日本写真史における新興写真と前衛写真(1994)

東京都写真美術館の企画に関連してNo.1992の終わりのところに書きましたが、日本写真史において新興写真と前衛写真とはどういう関係にあるのでしょうか? その辺りをもう少し書いてみます。

 

日本では、一般に、新興写真から前衛写真が生まれたというような捉え方をされていると思います。

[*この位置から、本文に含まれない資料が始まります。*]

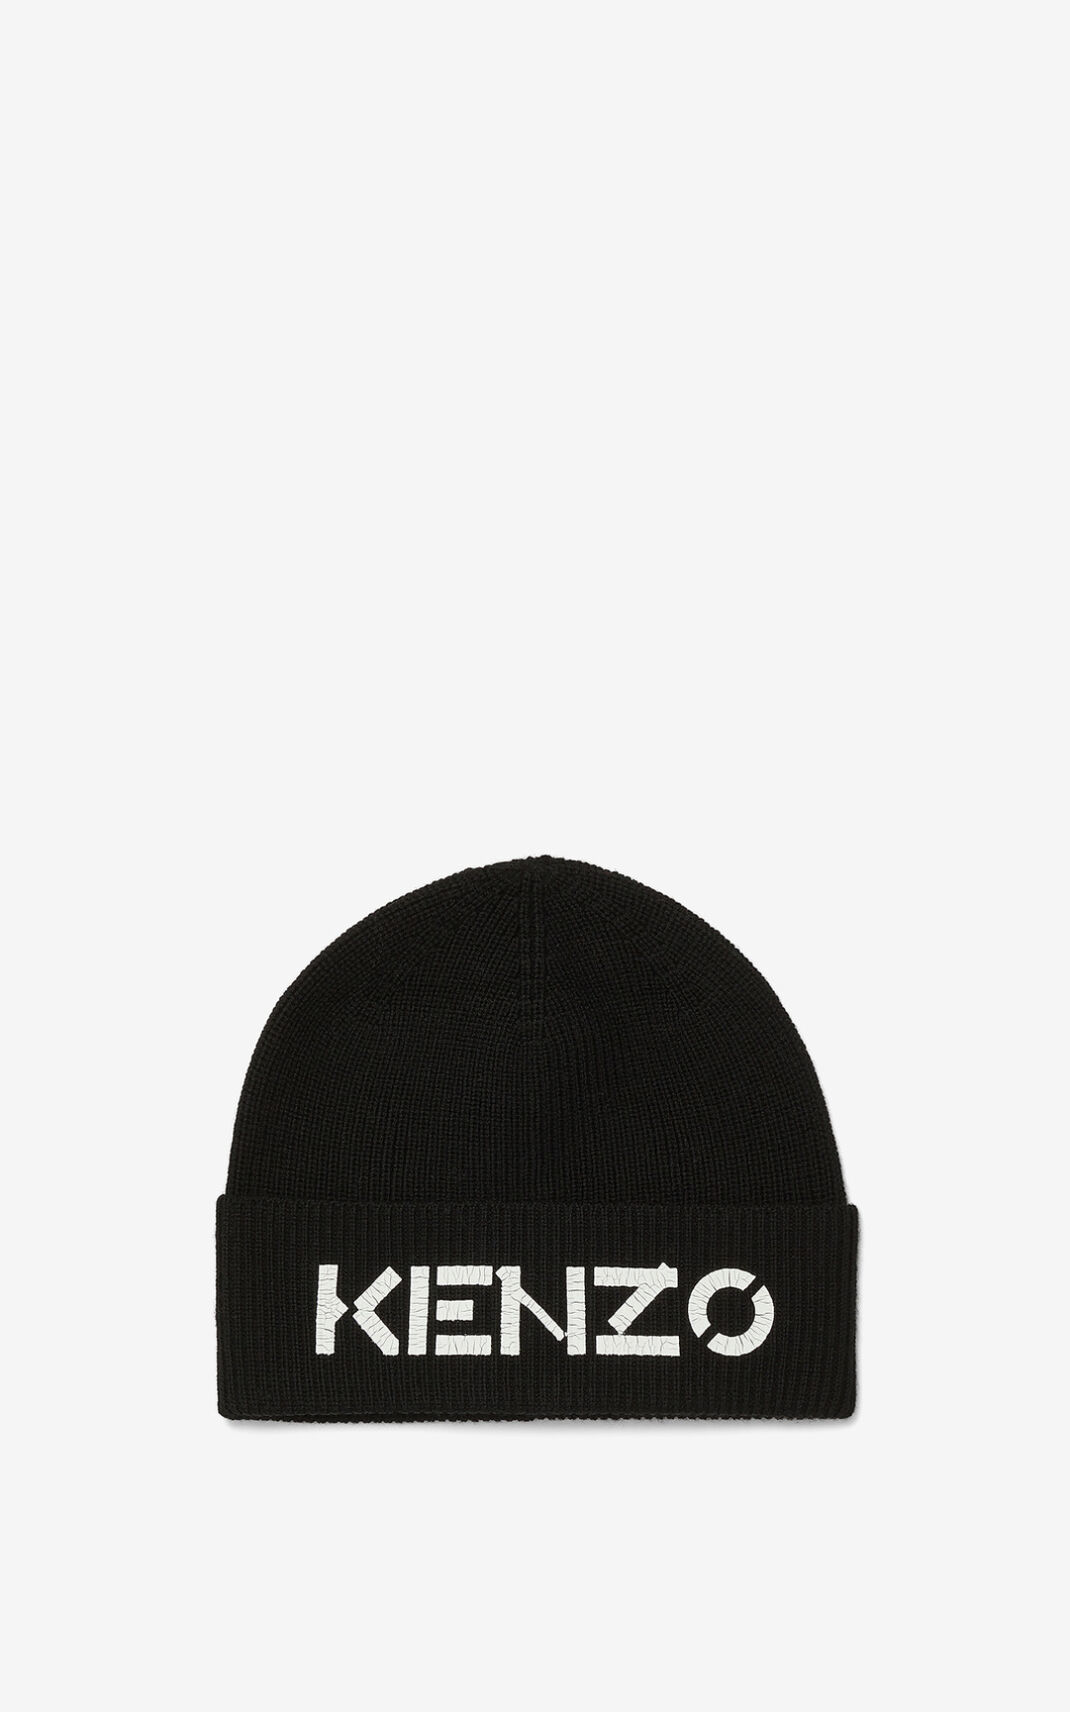 Gorro Kenzo Logo knit Mujer Negras - SKU.3145066

しかし、新興写真がドイツの「ノイエ・フォト」を基にしているというのであれば、ノイエ・フォトは、ノイエザッハリッヒカイトやロトチェンコなどのロシア的なストレート・フォトグラフィと同時にフォトグラムやフォトモンタージュといった前衛的な表現もすでに含んでいます。その後に前衛的な表現が生まれたわけではないのです。

 

日本においても、伊奈信男の『写真に帰れ』(『光画』創刊号、1932年)では、新興写真に次の3つを含めています。

・対象の新しい美を表現しようとする写真

・時代の記録や生活の報告としての写真

・光による造形としての写真である。

1点と第3点は、ドイツの状況を踏まえてすでに前衛写真の萌芽をとらえています。やはり、新興写真の中から前衛写真は生まれたと考えてもよさそうです。ちなみに、残る第2点が報道写真となってくのでしょう。

 

それでは、どの時点というか、どの局面で、新興写真から前衛写真が生まれたのでしょうか? 新興写真と前衛写真の境界はどこにあるのでしょうか? 

もう少しわかりやすく、ただし、奇妙なことを書いてみますと、例えば、小石清の作品は、どこまでが新興写真でどこからが前衛写真なのでしょうか?

1933年刊行の『初夏神経』は一般的には日本の新興写真の記念碑的な作品集とされています。

では1936年の「泥酔夢・疲労感」は?

https://museumcollection.tokyo/works/82588/

1938年の「燐素」や「冬眠」や「叫喚」は?

https://museumcollection.tokyo/works/83782/

https://museumcollection.tokyo/works/83785/

https://museumcollection.tokyo/works/83788/

1940年の「半世界」のシリーズは?

https://museumcollection.tokyo/?s=%E5%B0%8F%E7%9F%B3%E6%B8%85++%E5%8D%8A%E4%B8%96%E7%95%8C

 

こう具体的に見てくると、「いやそもそも、『初夏神経』が前衛写真なのではないか?」という疑問すらわいてきませんでしょうか? ただ、ここで申し上げたいのは、結論としては、新興写真と前衛写真の境界は曖昧であるというだけではなく、やはり区分できないのではないかということです。これが、現時点での当方の立場です。

 

さて、東京都写真美術館の企画では、その境界をどこに引いてくるでしょうか? あるいは、線を引かないかもしれません。いずれにしても、楽しみです。